> _What is being asked_
Reproduce every record below exactly as written, but leave out any pictures.

> _Dataset items_
..............................
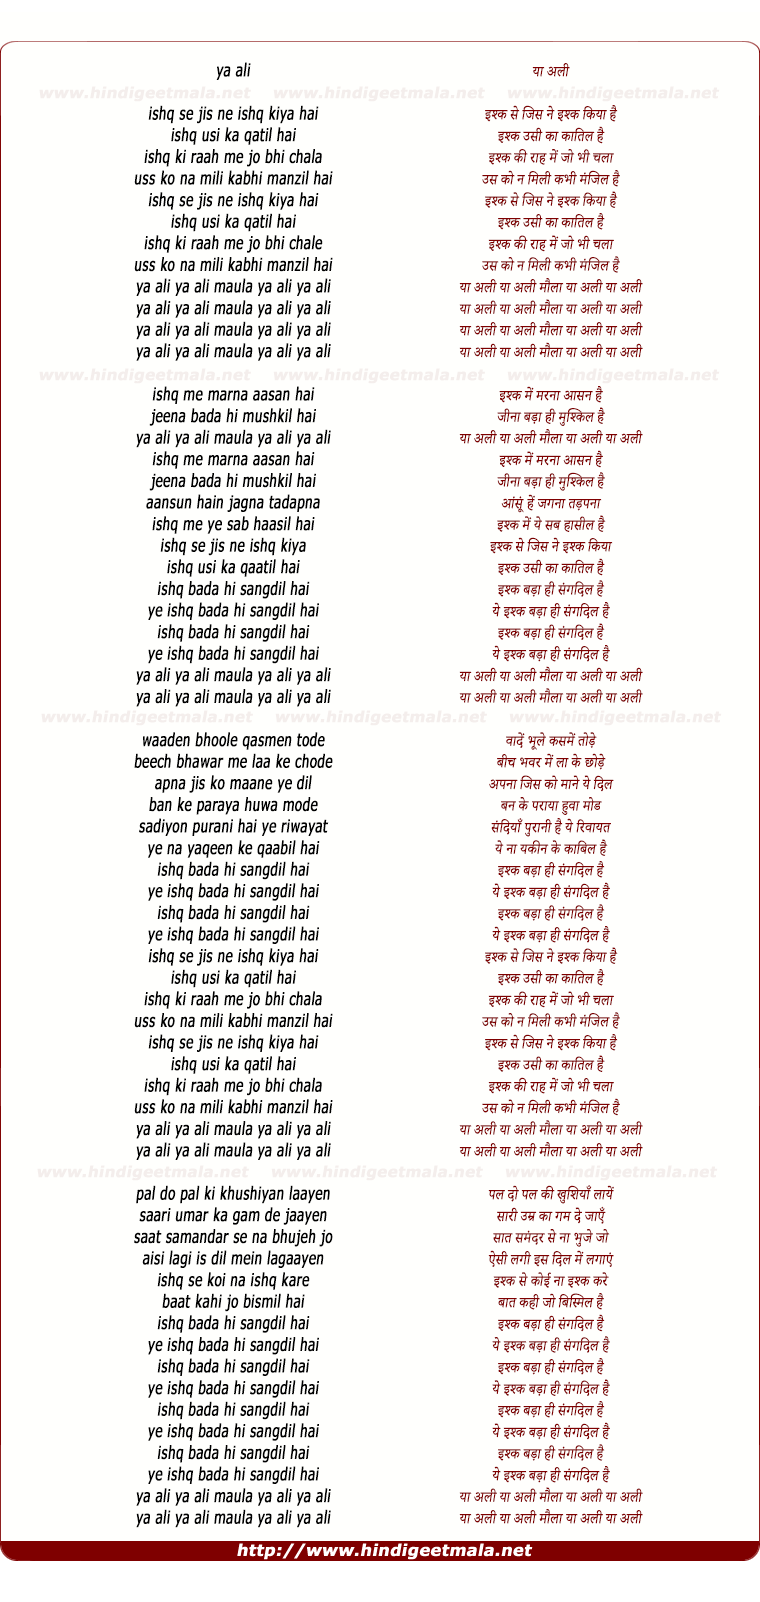 lyrics of song Ishq Badaa Sangdil
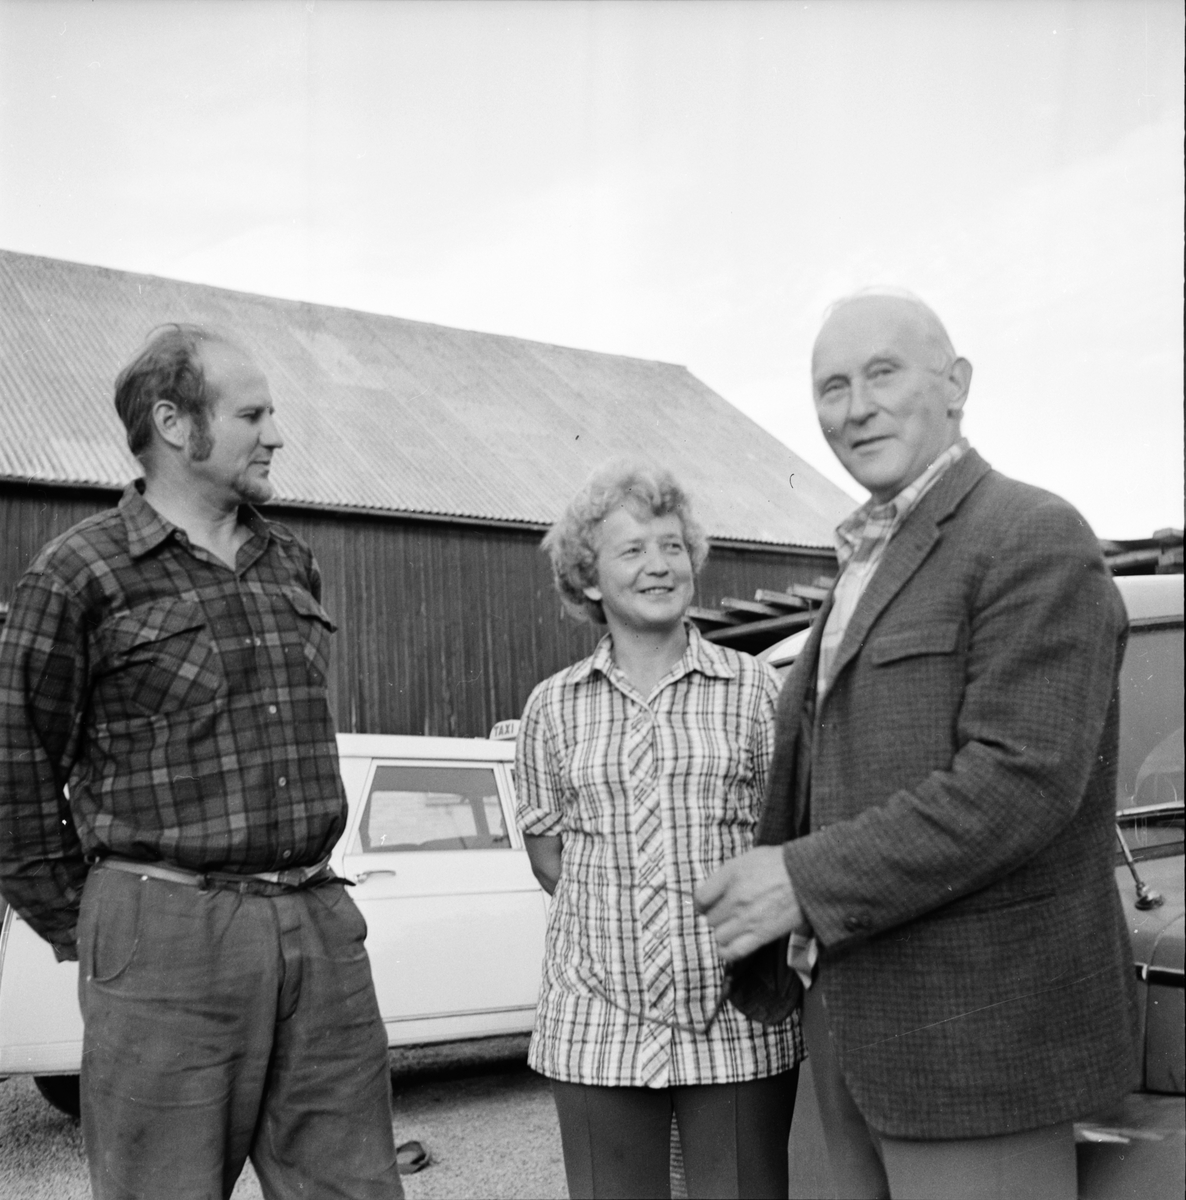 Iste. Vattenfrågan löses.
September 1972
Fv. Helge Frisk och Astrid Norfelt Iste, Olle Pettersson Änga Vallsta.
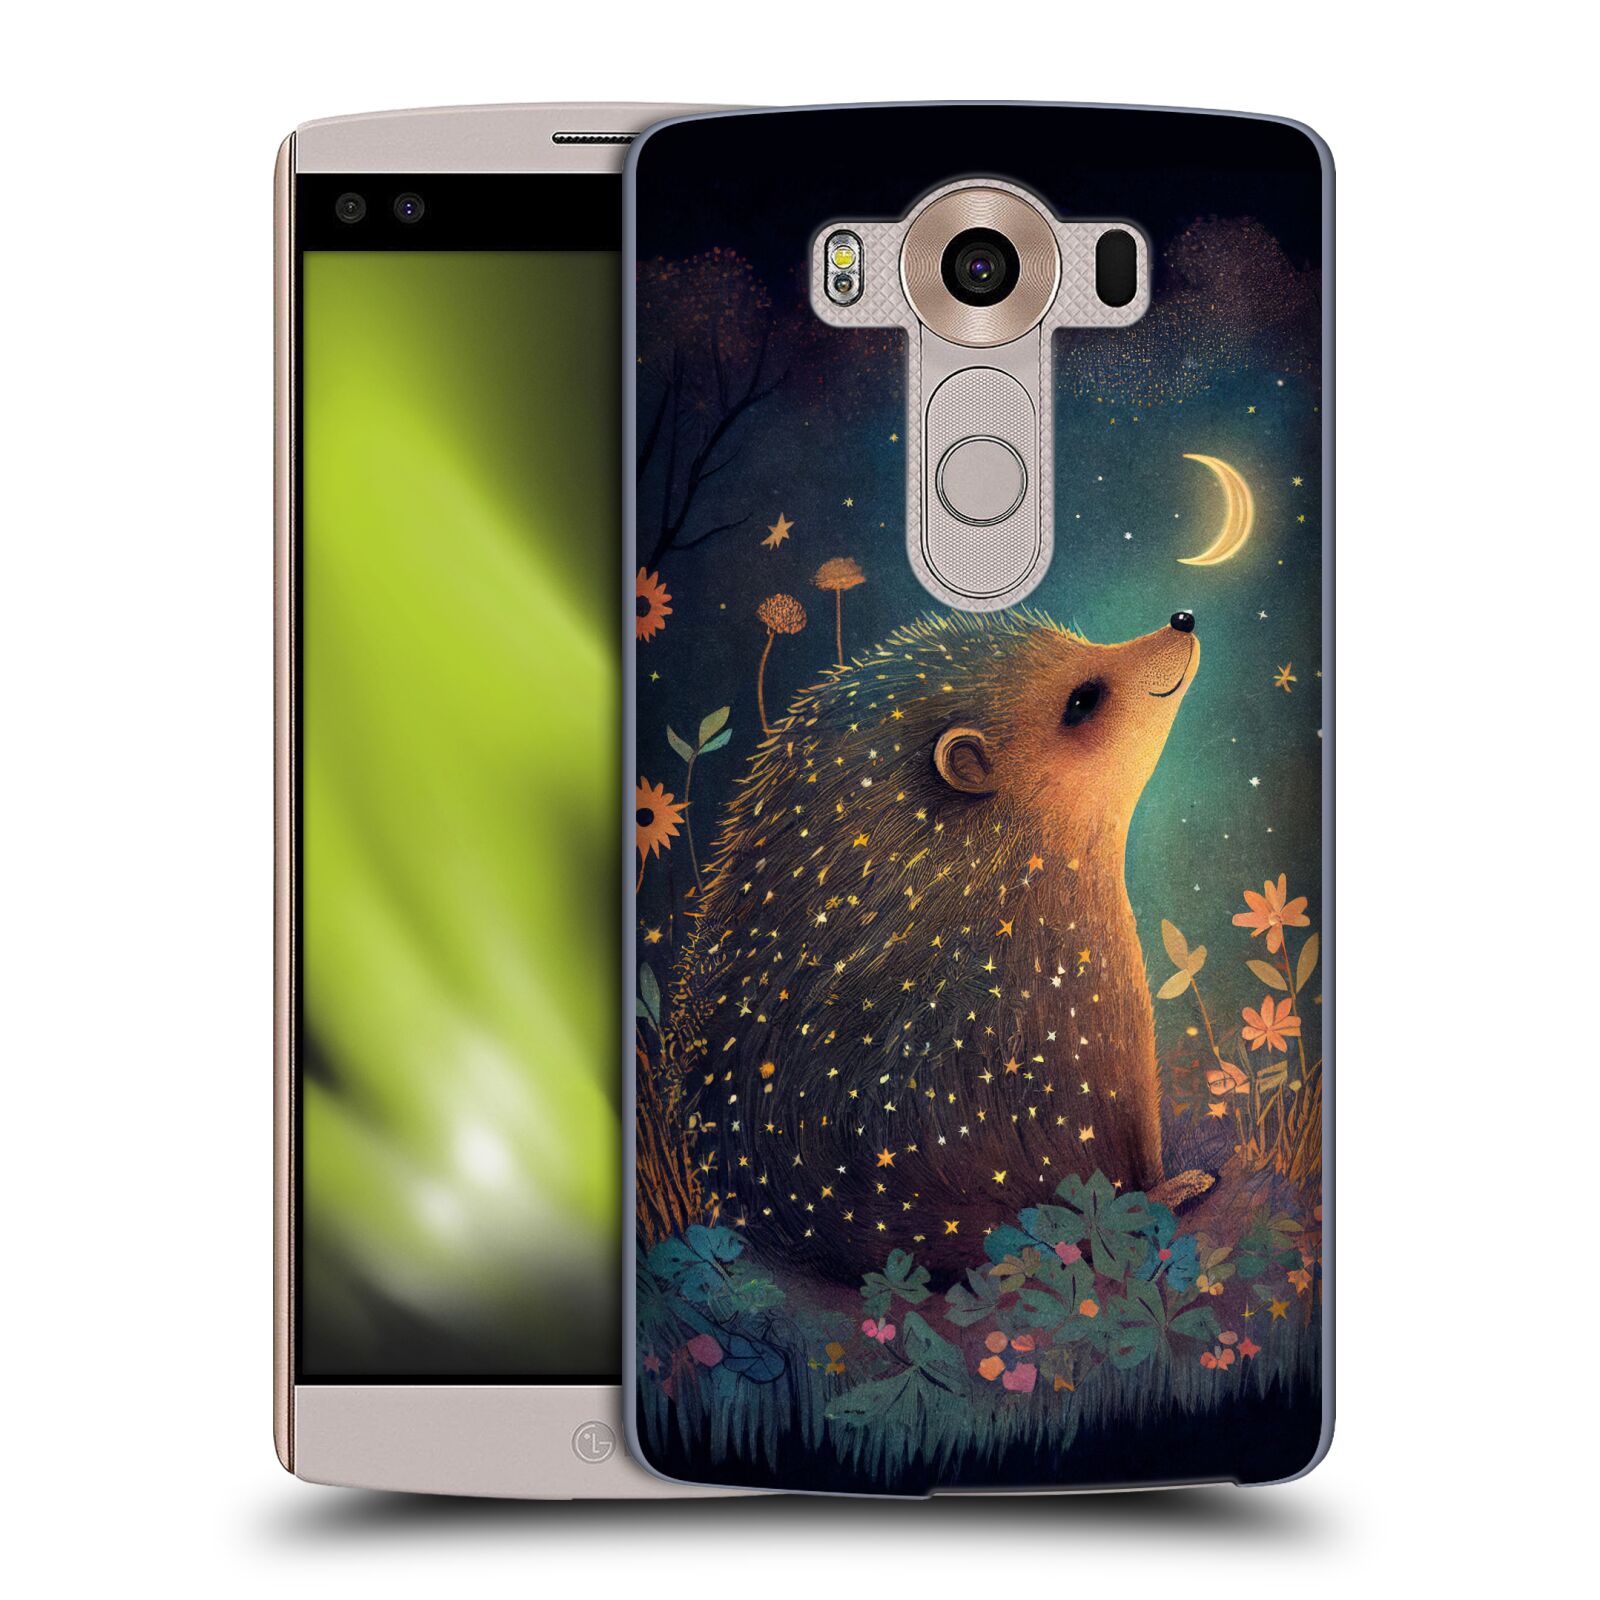 Obal na mobil LG V10 - HEAD CASE - JK Stewart malý ježeček
..............................
> _Task result_
 lyrics of song Ishq Badaa Sangdil
 Iste. Vattenfrågan löses.
September 1972
Fv. Helge Frisk och Astrid Norfelt Iste, Olle Pettersson Änga Vallsta.
 Obal na mobil LG V10 - HEAD CASE - JK Stewart malý ježeček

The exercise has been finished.